First In, First Out?

Let’s survey the Big Five in reverse birth order:

  1. David Souter 1939 (Clinton 1993)

  2. Steven Breyer 1938 (Clinton 1994)

  3. Anthony Kennedy 1936 (Reagan 1998)

  4. Ruth Bader Ginsburg 1933 (Clinton 1993)

  5. John Paul Stevens 1920 (who turns 86 on April 20th – Ford 1975)

The job of a Supreme Court justice can be carried out as long as the incumbent can effectively participate in the court’s decisions. Given the depth of staff support available, an otherwise competent justice can do the job from an assisted living facility, so long as he or she can be wheeled to and from conferences and the court’s sessions.

Only death, scandal, a truly debilitating illness, or some “please take this job and shove it” life issue will trigger a Supreme Court vacancy.

Absent some bolt from the sky event, the only plausible candidate to retire before the end of the current administration’s term is Justice Stevens. Like many justices who are not on the same ideological page with a sitting president, Stevens would probably want to wait it out, hoping for a new administration. But the exigencies of life are often cruel.

Add to this two more bits of speculation: There are uncorroborated health rumors about another justice. Is it Ginsburg? Is it Kennedy? If Kennedy is the source of the rumors, the administration might have advance warning. After all, Justice Kennedy was a Reagan appointment. Might he be willing to leave early in exchange for a moderate republican replacement?

Yes, this kind of speculation is usually a pointless exercise: except for the president’s attempt to get his trusted staff member, Harriet Miers, on the high court.

W was lured into that nomination, based on the huge political calculation that HM’s conformation would be a slam dunk confirmation. At the time I asked why the president would be so eager to avoid a Senate fight. I speculated that he wanted to preserve his political capital for another time.

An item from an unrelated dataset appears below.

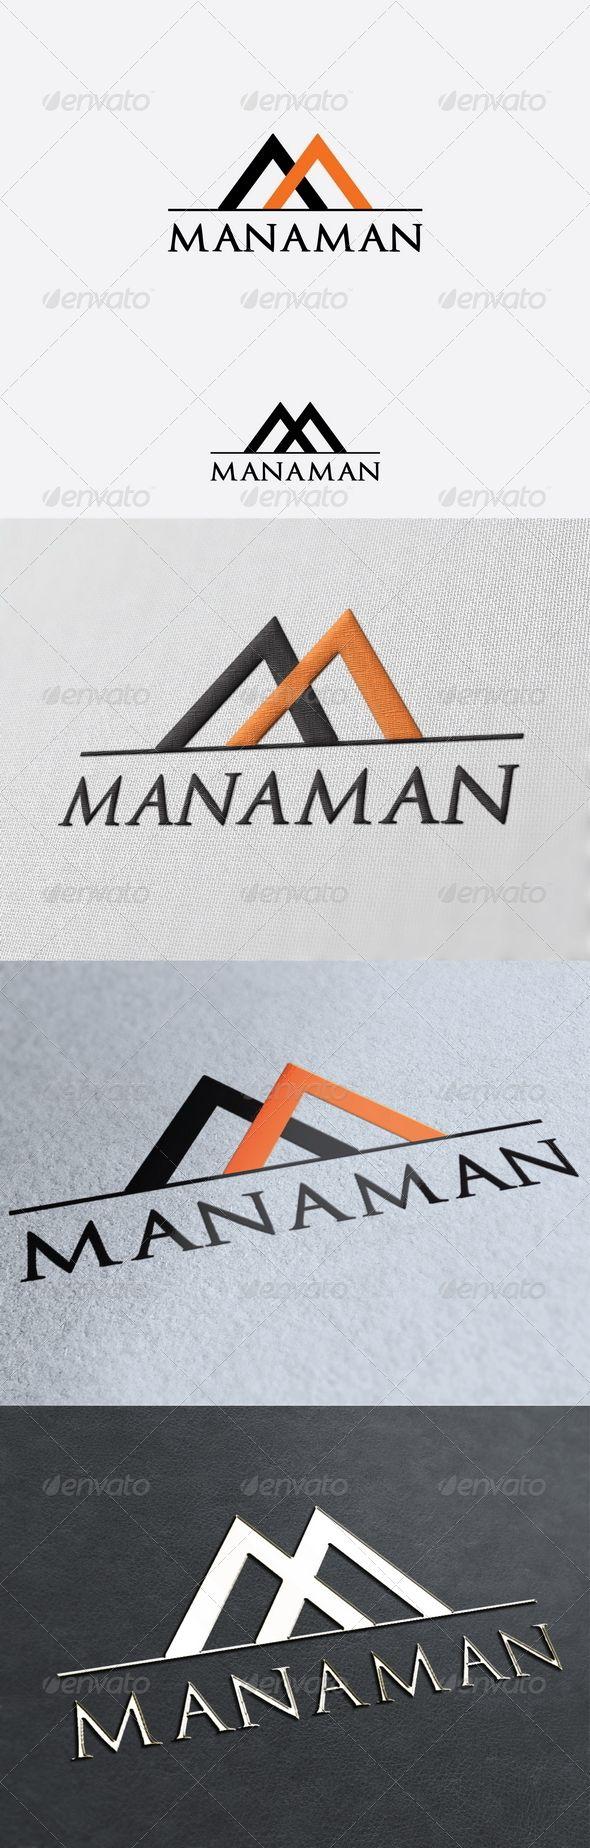 55 best Logo Templates images on Pinterest   Logo templates, Font ...

I am personally persuaded that “W” wanted a quick, non-controversial confirmation. It is reasonable to fear that the President is just too tired for another fight, but I propose a different theory. He knows something we don’t, to wit: that there is another vacancy in the queue, one of the other justices, someone who might not want the vacancy to be filled by Hillary and won’t want to stay another decade if she is two term. Assume a signal reaches Cheney. In this view, W is counseled to save the big guns for the real fight, the Fifth Vote. This is exactly the kind of stuff you can’t even leak. And it now seems evident that the president was deliberately misled by Nevada’s Harry Reid, the Senate democratic leader. “W” tends to trust on first impressions. Reid seems to have played the president and almost created a deadly wedge issue between the secular “hard” conservatives and the evangelical “soft” conservatives. The president’s political calculation and head count were probably skewed because of Carl Rove’s distractions related to the pending Grand jury decision. All in all, it was a disaster in the making.

This was the battle the president sought to postpone. So much for stealth.

The next vacancy, the real balance of power appointment is yet to come. Was that what drove the attempted Miers gambit? We’ll probably find out within the year.